Once the images are set aside, print the remaining lines below exactly.

Dataset section:

———

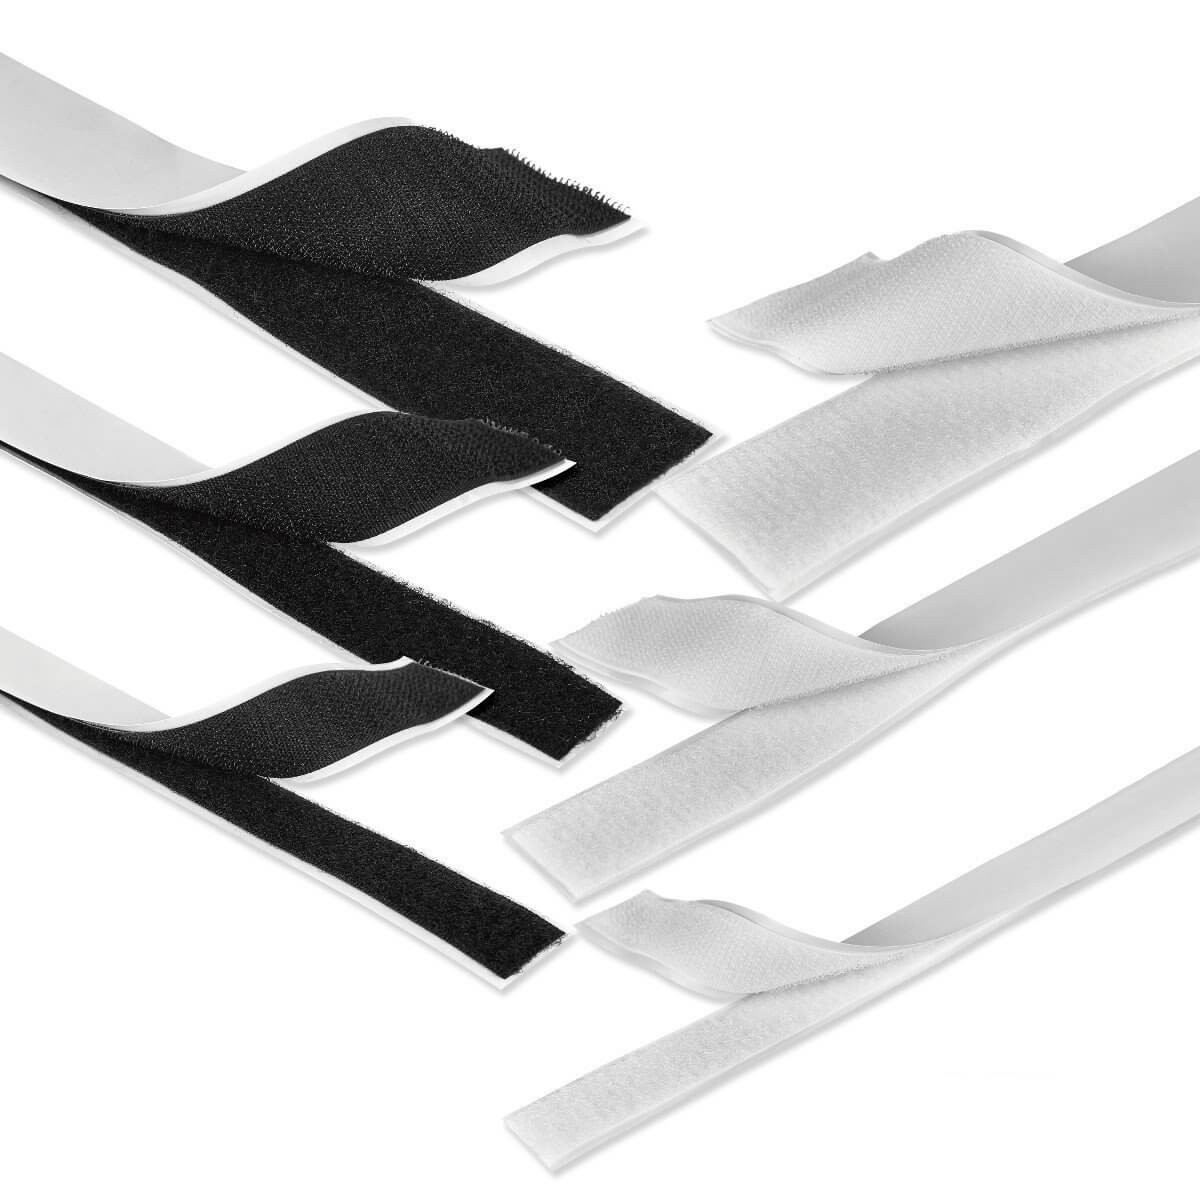 Klettband weiß 40mm breit je 1m Klettverschluss Haken und Flauschband 
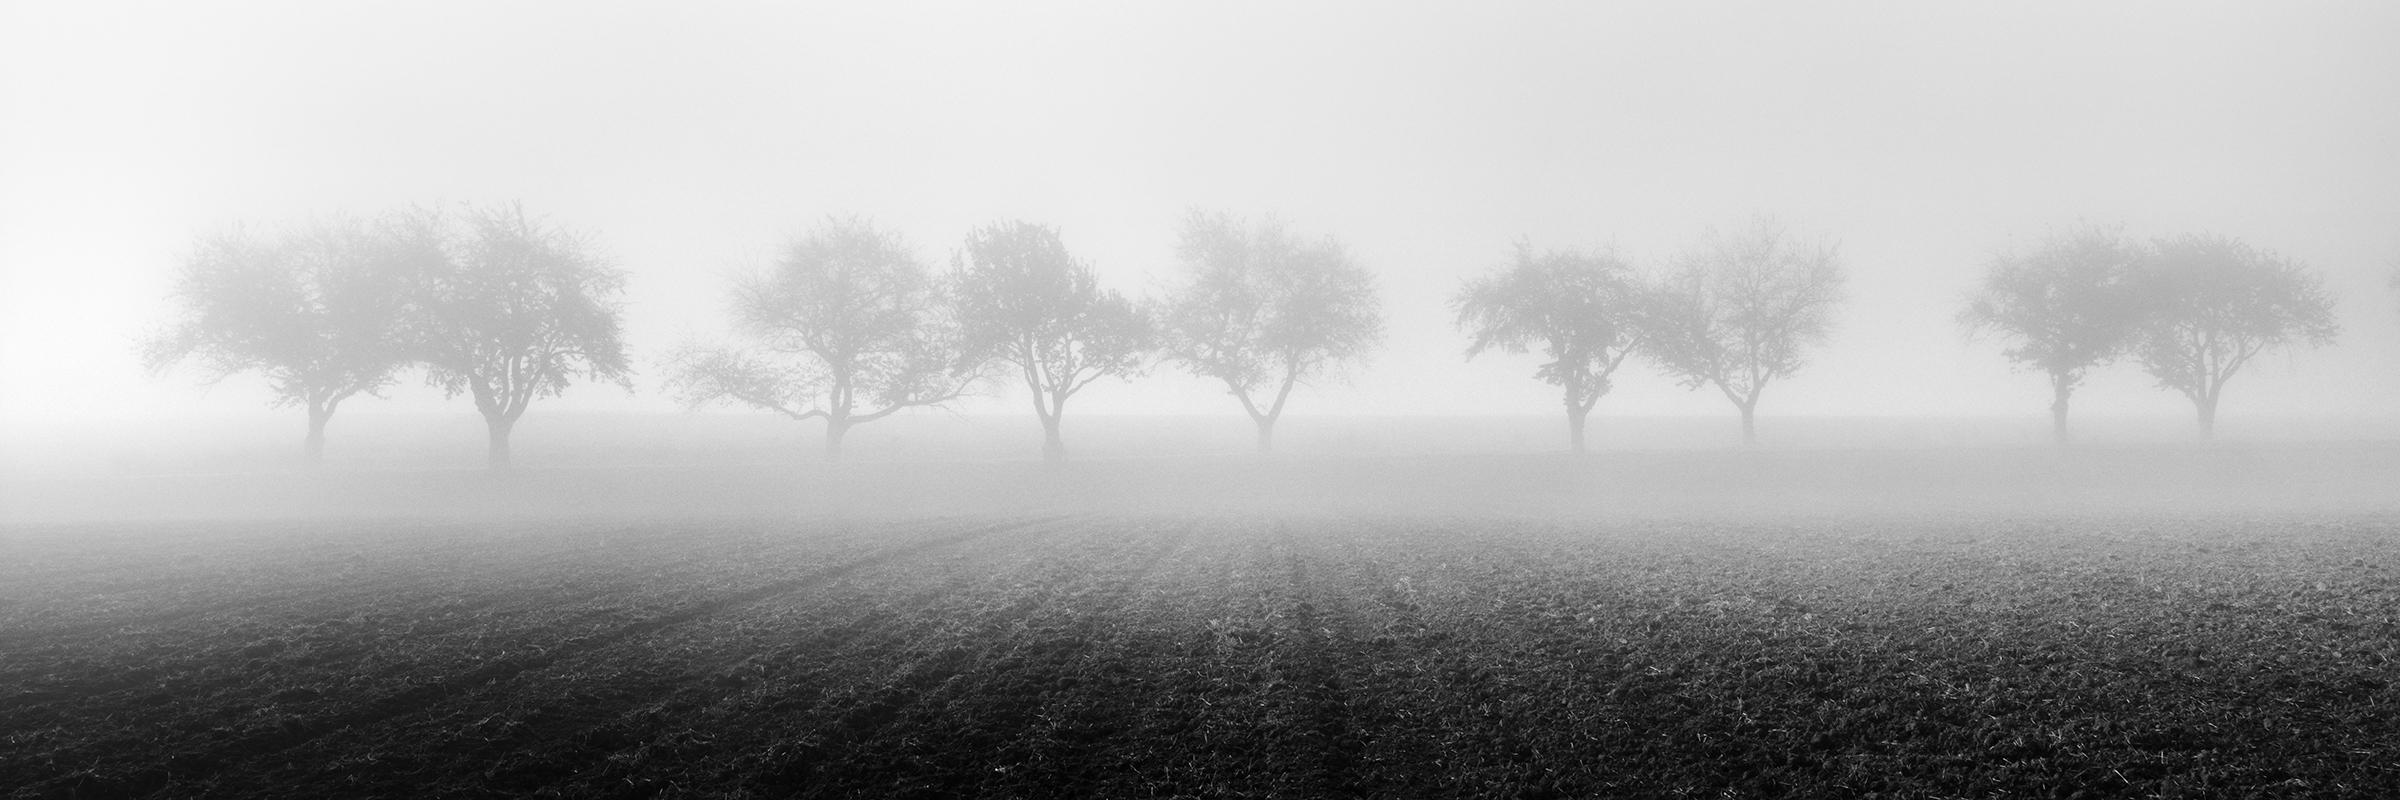 Foggy Morning, Reihe von Kirschbaumbäumen, Schwarz-Weiß-Fotografie, Kunstlandschaft
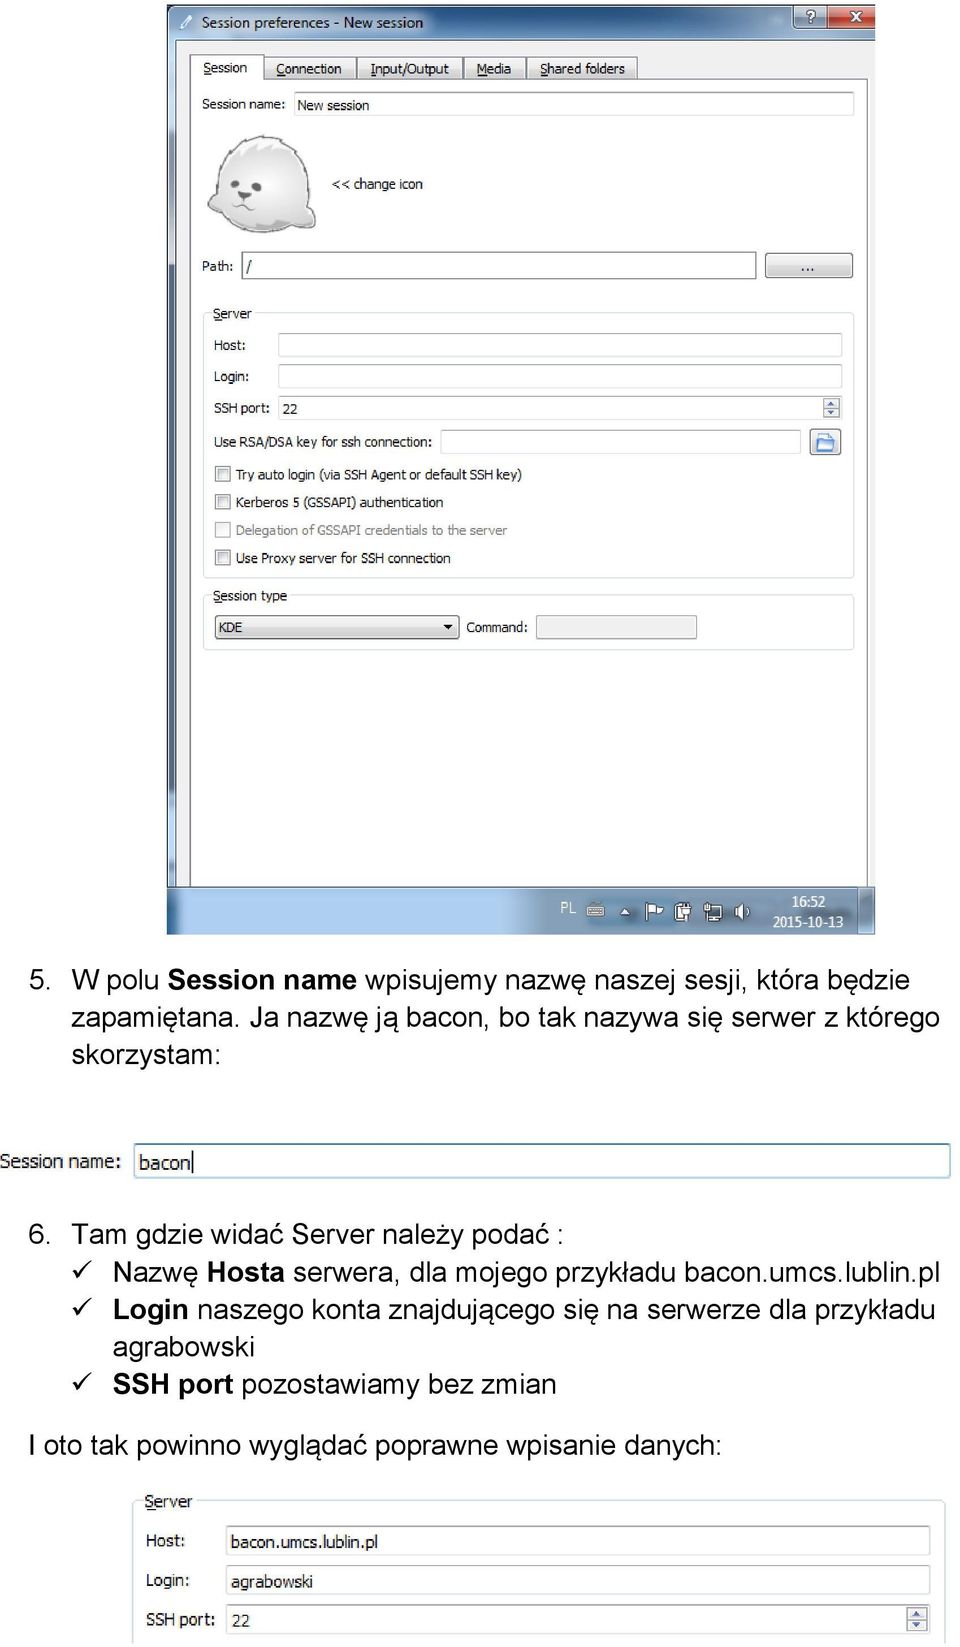 Tam gdzie widać Server należy podać : Nazwę Hosta serwera, dla mojego przykładu bacon.umcs.lublin.
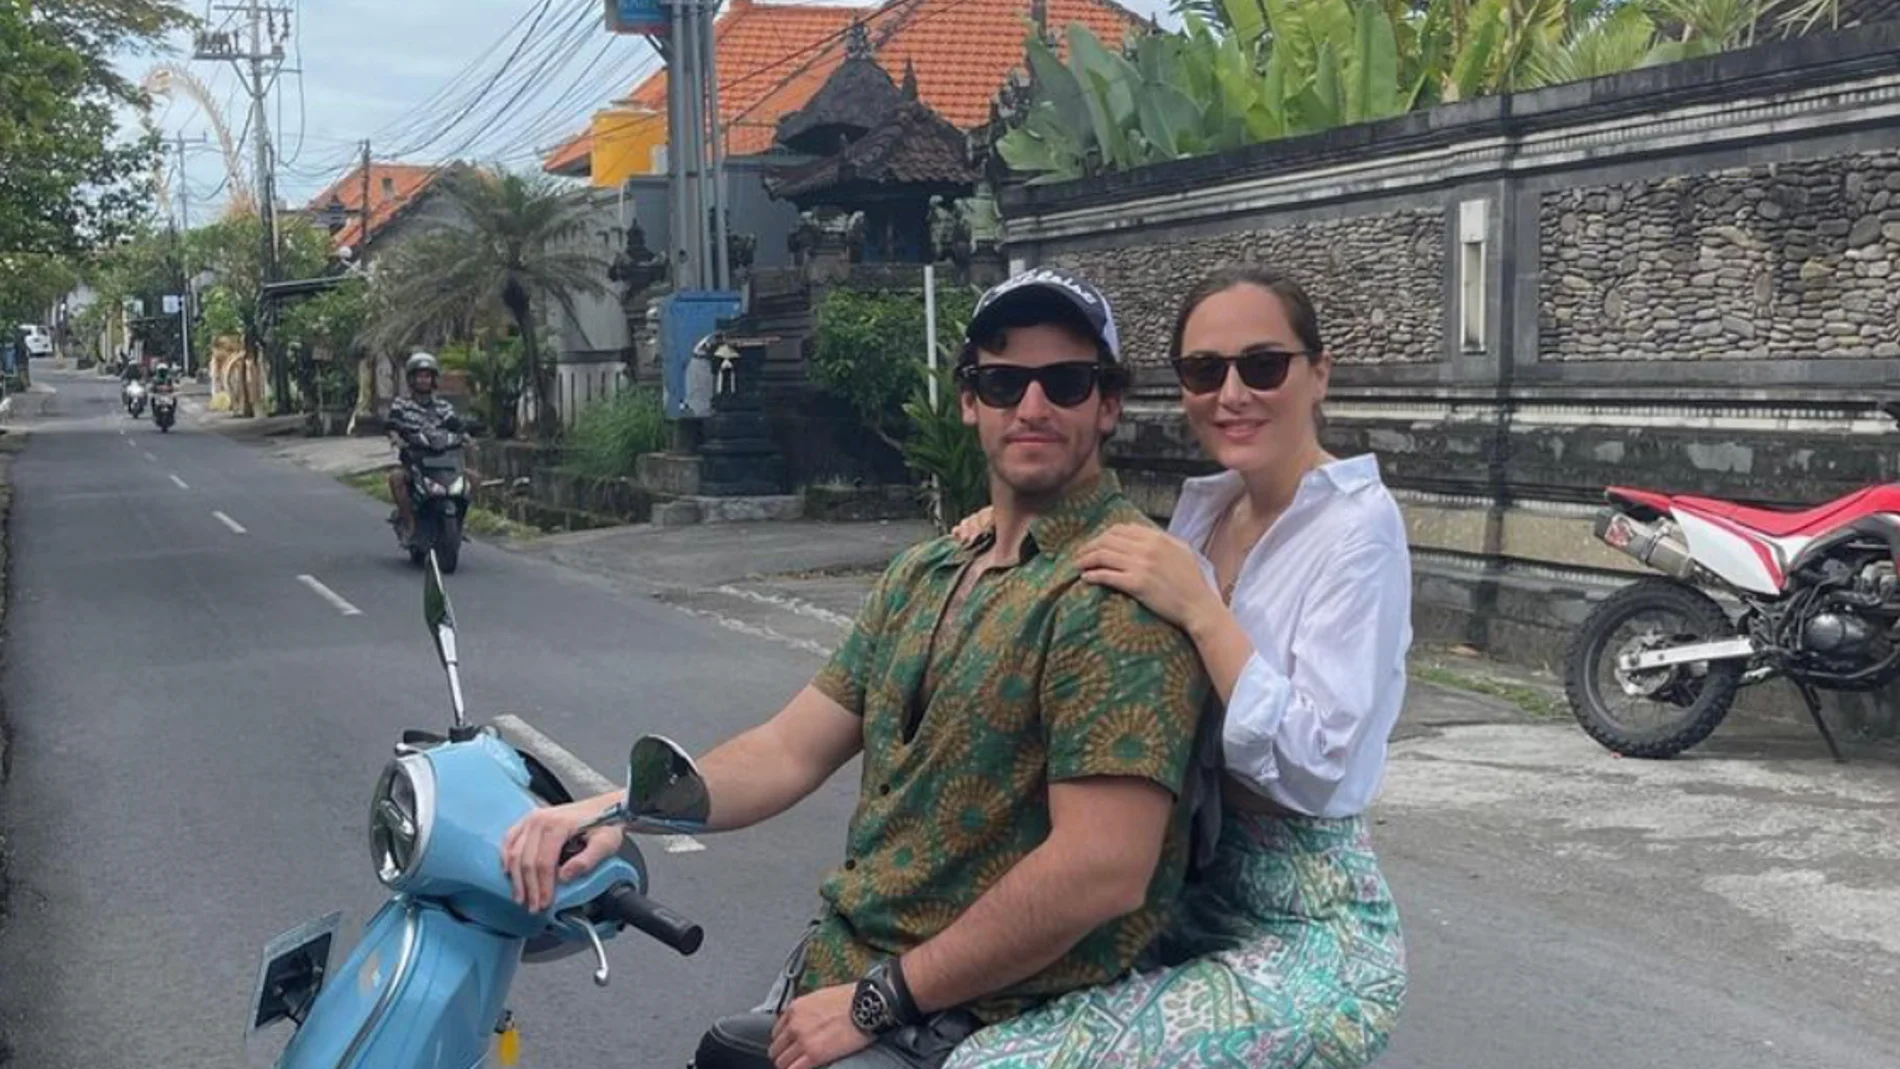 Tamara Falcó e Íñigo Onieva en Bali

———

Solution for this exercise:
 Klettband weiß 40mm breit je 1m Klettverschluss Haken und Flauschband 
 Foggy Morning, Reihe von Kirschbaumbäumen, Schwarz-Weiß-Fotografie, Kunstlandschaft
 Tam gdzie widać Server należy podać : Nazwę Hosta serwera, dla mojego przykładu bacon.umcs.lublin.
 Tamara Falcó e Íñigo Onieva en Bali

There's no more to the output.